Often times, you don't have all the columns in one file.  Of course the cat command wont accomplish the goal of putting the data in the format that is useful for a line-by-line processor such as awk.  The tool for this is the paste command.  Say you have two columns of data in two files that you want to multiply together with the previous command, you can paste them (with a tab between columns) together with:

paste -d "\t" column1.txt column2.txt > file1.txt

This is really the only use of paste, but it can be very helpful.

Finally, sequences of numbers often come in handy, especially when shell scripting.  For this the command seq is most common, that is, if you are on a standard Linux machine.  For some reason I don't understand, Apple decided to replace seq with jot (It is a BSD thing).  I often find myself doing something like this in a shell script:

for i in $(seq 10 20)
do
  # something with $i
  ...
done

Like paste, seq is a pretty simple command, with the only really customization being the format of the output numbers.  Jot on the other hand has a few other uses, for example repeat printing something a number of times:

jot -b hi - 1 10

will print the hi ten times.  It can also print random numbers, or floating point numbers, which seq wont do, making it slightly superior.

Quick-and-dirty, or professional plotting can both be taken care of with gnuplot.  This is a large and complex topic and will be handled thoroughly in a post very shortly.

Well these are the basic tools I think.  If you have any comments, leave them below.

Friday, September 13, 2013

Why a Blog on Scientific Simulations?

Surviving in Graduate School is hard, as I have recently discovered.  Using computers to solve those problems that come up during research, be they simple data analysis on a local workstation or complex computer simulations on national supercomputers, can be very desirable (more likely necessary).  While computers can greatly simplify or speed up the research process, when the programs/codes/tools that one uses don't work, it can be the most aggravating thing.  Yelling (with cursing) often ensues, and despair easily creeps in.

I have lived this life for more than 6 years now, and while these situations have occurred often, don't despair.  There is hope!  Getting by this many years was only possible by relying on those sharing their knowledge online.  Stack Overflow may be one of the most useful websites around.  Many blog posts may be found to help one solve a specific problem.  This blog was created to help me convey some of the knowledge and skills I have accrued over the years to help others that work in the computational sciences or conduct scientific research solve common problems, learn necessary skills and overcome problems.

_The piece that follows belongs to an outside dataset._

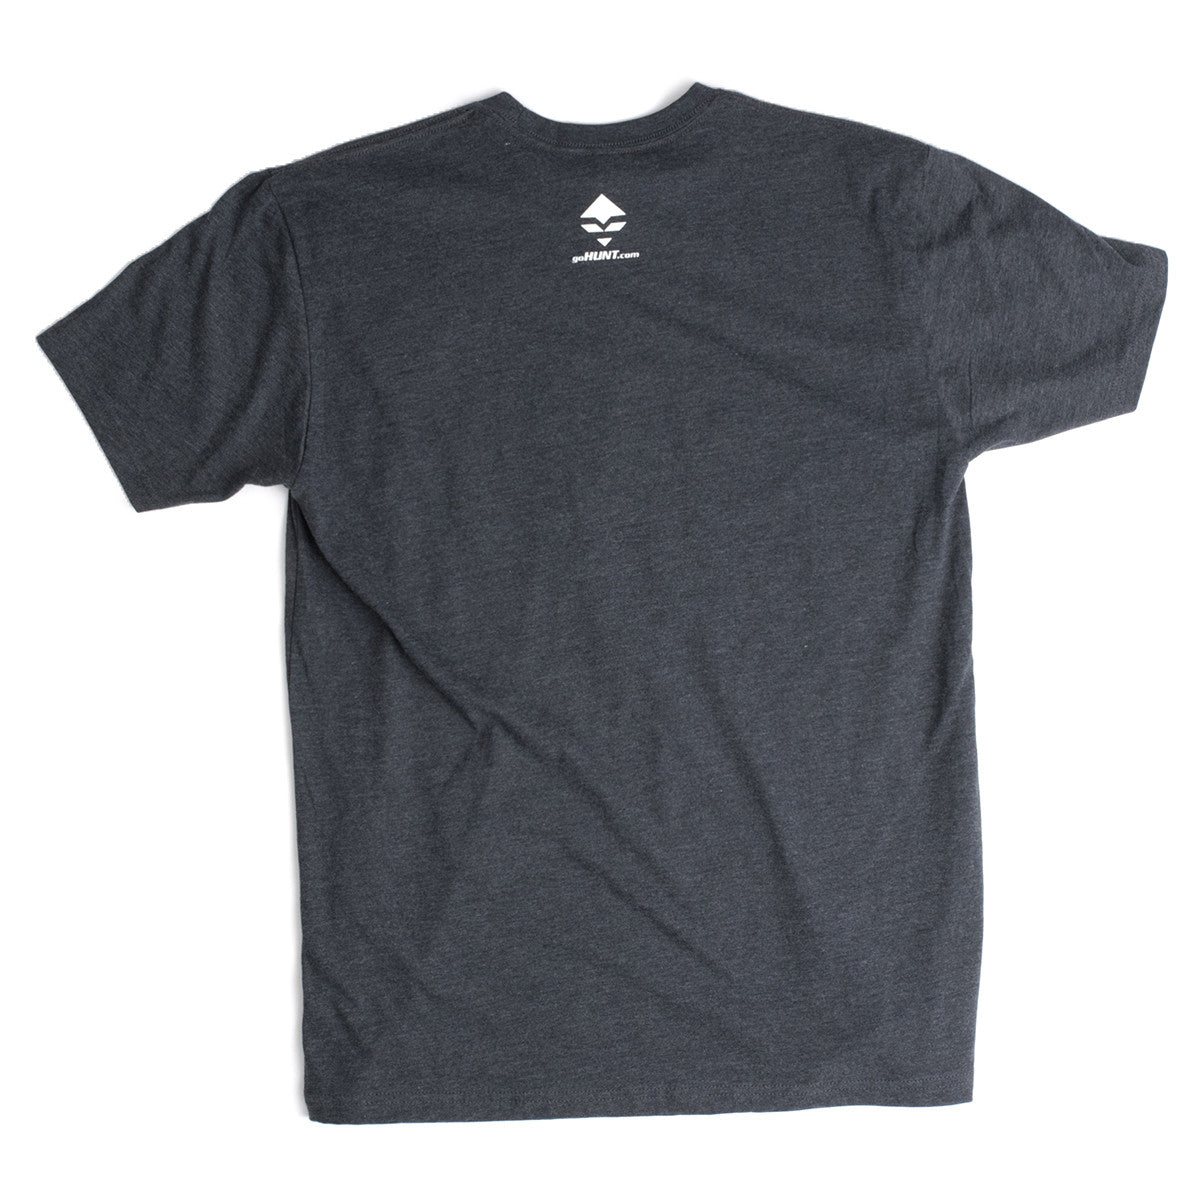 goHUNT Utah T-Shirt - goHUNT Shop

A little about my background: I have a BS in Chemistry and a BS in Computer Science.  The past six years of my life have involved computational sciences of many kinds.  Now I am pursuing a PhD in Chemistry, though the research is more realistically described as Computational Biophysics.  I have experience with a handful of programming languages and many unix tools.  With experience in computational fluid dynamics, continuum mechanics for material modeling, stochastic biological simulations, molecular dynamics and some quantum chemical modeling, my experience in computational modeling is rather diverse.  In the past I used and developed code for the Uintah Computational Framework used by many to simulate a number of materials and fluids problems. Currently, I develop code for the stochastic biochemical problem solving environment Lattice Microbes.  In solving these problems both workstations and supercomputers have had to be employed.

This blog will draw on these experiences and I intend to cover such topics as:

  • Data analysis/processing
  • Using supercomputers
  • Compiling software on different architectures
  • Math techniques in scientific computing
  • Setting up simulations
  • Programming techniques
  • and many more...
Some posts will be how-to's, some will be FAQs, but the majority will be short tid-bits of information that occur to me during the day.  I intend to make code available where possible, to help facilitate the understanding, and intend to actively respond to comments and questions.

With that, I hope you all will find this useful.